М. И. Сбойчаков. НА ПОСТУ КОМАНДУЮЩЕГО

Специальный эшелон — несколько товарных вагонов с латышскими стрелками и красноармейцами, платформа с пулеметами, посредине классный вагон наркома — мчался с самой высокой скоростью, какую только мог развить паровоз, в топку которого за неимением угля бросались дрова. Кедров же испытывал нетерпение.
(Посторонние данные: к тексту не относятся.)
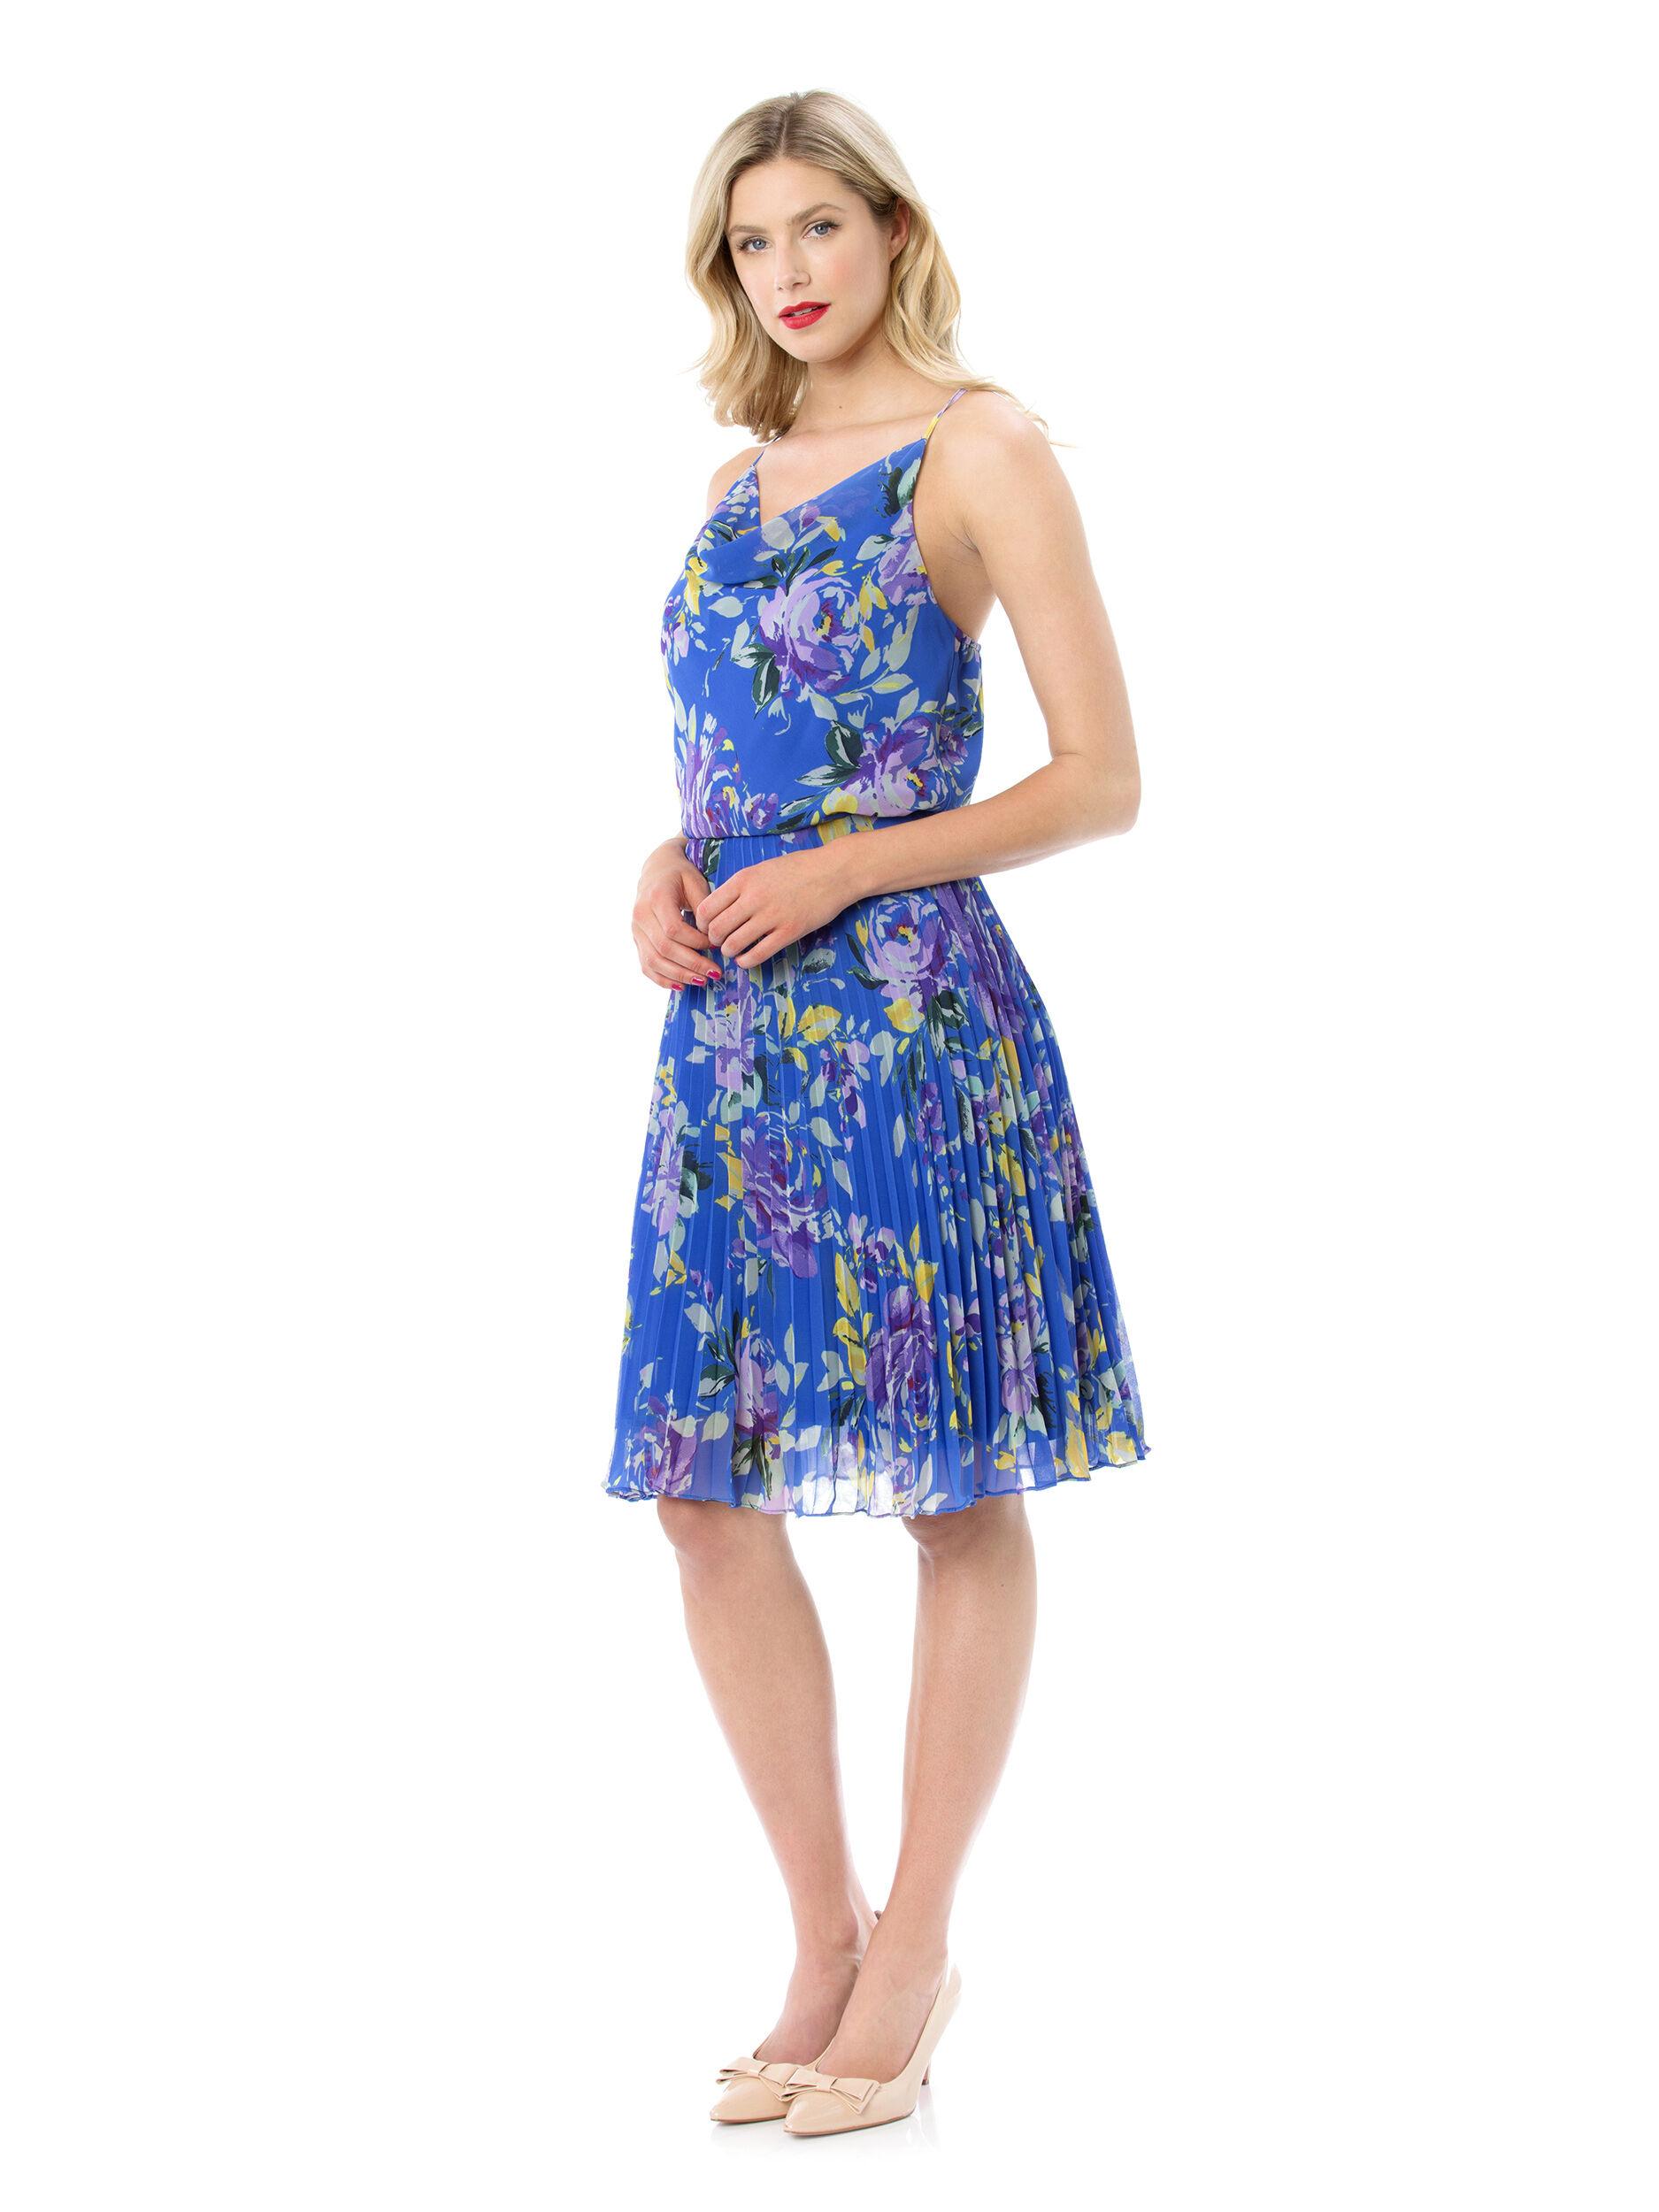 Wild Iris Dress

Он плохо спал ночь, а с рассветом часто подходил к окну, смотрел на проплывавшие деревья и телеграфные столбы, теребил усы, подковой соединяющиеся с короткой бородкой.

Тревожные думы овладели им с того часа, как их беседу с вождем прервала телеграмма о захвате интервентами Онеги. Ничего неожиданного, конечно, нет — нападение предвидели. Еще в марте на VII съезде партии Ленин указал, что империалисты захотят отнять у нас Архангельск. И все же надеялись выиграть время, получить более длительную отсрочку. Как бы то ни было, Кедров никак не предполагал, что ему придется возглавить оборону края.

…И поныне можно встретиться с мнением, что, по образованию юрист, врач и музыкант, он попал на этот большой военный пост только из-за нехватки военспецов и к тому же фронт якобы имел второстепенное значение. И то и другое неверно. Защиту Севера Ленин поручил Кедрову не случайно. Учитывал, что он три месяца возглавлял «Советскую ревизию», хорошо изучил положение северных губерний, занимался организацией обороны, познакомился с людьми. А самое главное — знал, что Кедров — профессиональный революционер, не рядовой участник вооруженного восстания в девятьсот пятом году. Это не ниже военного образования.

Именно такой руководитель и требовался на Севере, где наступление в августе обещало интервентам особые выгоды, поскольку они заранее сосредоточили вооруженные силы, в то время как у нас были лишь отдельные отряды, не обеспеченные продовольствием и снаряжением. «Этот фронт… был особенно опасным, — подчеркивал Владимир Ильич и пояснял: — потому что неприятель находился там в наиболее выгодных условиях, имея морскую дорогу…»[51]

В своей книге «За советский Север» Михаил Сергеевич вспоминает основные моменты, относящиеся к началу борьбы. Читая ее, ощущаешь скромность старого большевика. Совсем мало говорит о себе, больше о боевых подвигах подчиненных, самокритичен. Чего стоит, скажем, его рассказ о том, как не сразу понял, за что Ленин объявлял ему выговор.

Архивные документы и свидетельства участников событий, с которыми автору очерка довелось встречаться, позволяют восполнить этот пробел. Бывший вологодский губвоенком и командующий войсками Котласского района А. А. Медведев утверждал:

— Ни один военспец не сделал бы того, что сделал Кедров. Опасный момент требовал сочетания военно-организаторской и политической работы. Все это было под силу ему, наделенному властью наркома, приобретшему популярность и авторитет за время «Ревизии».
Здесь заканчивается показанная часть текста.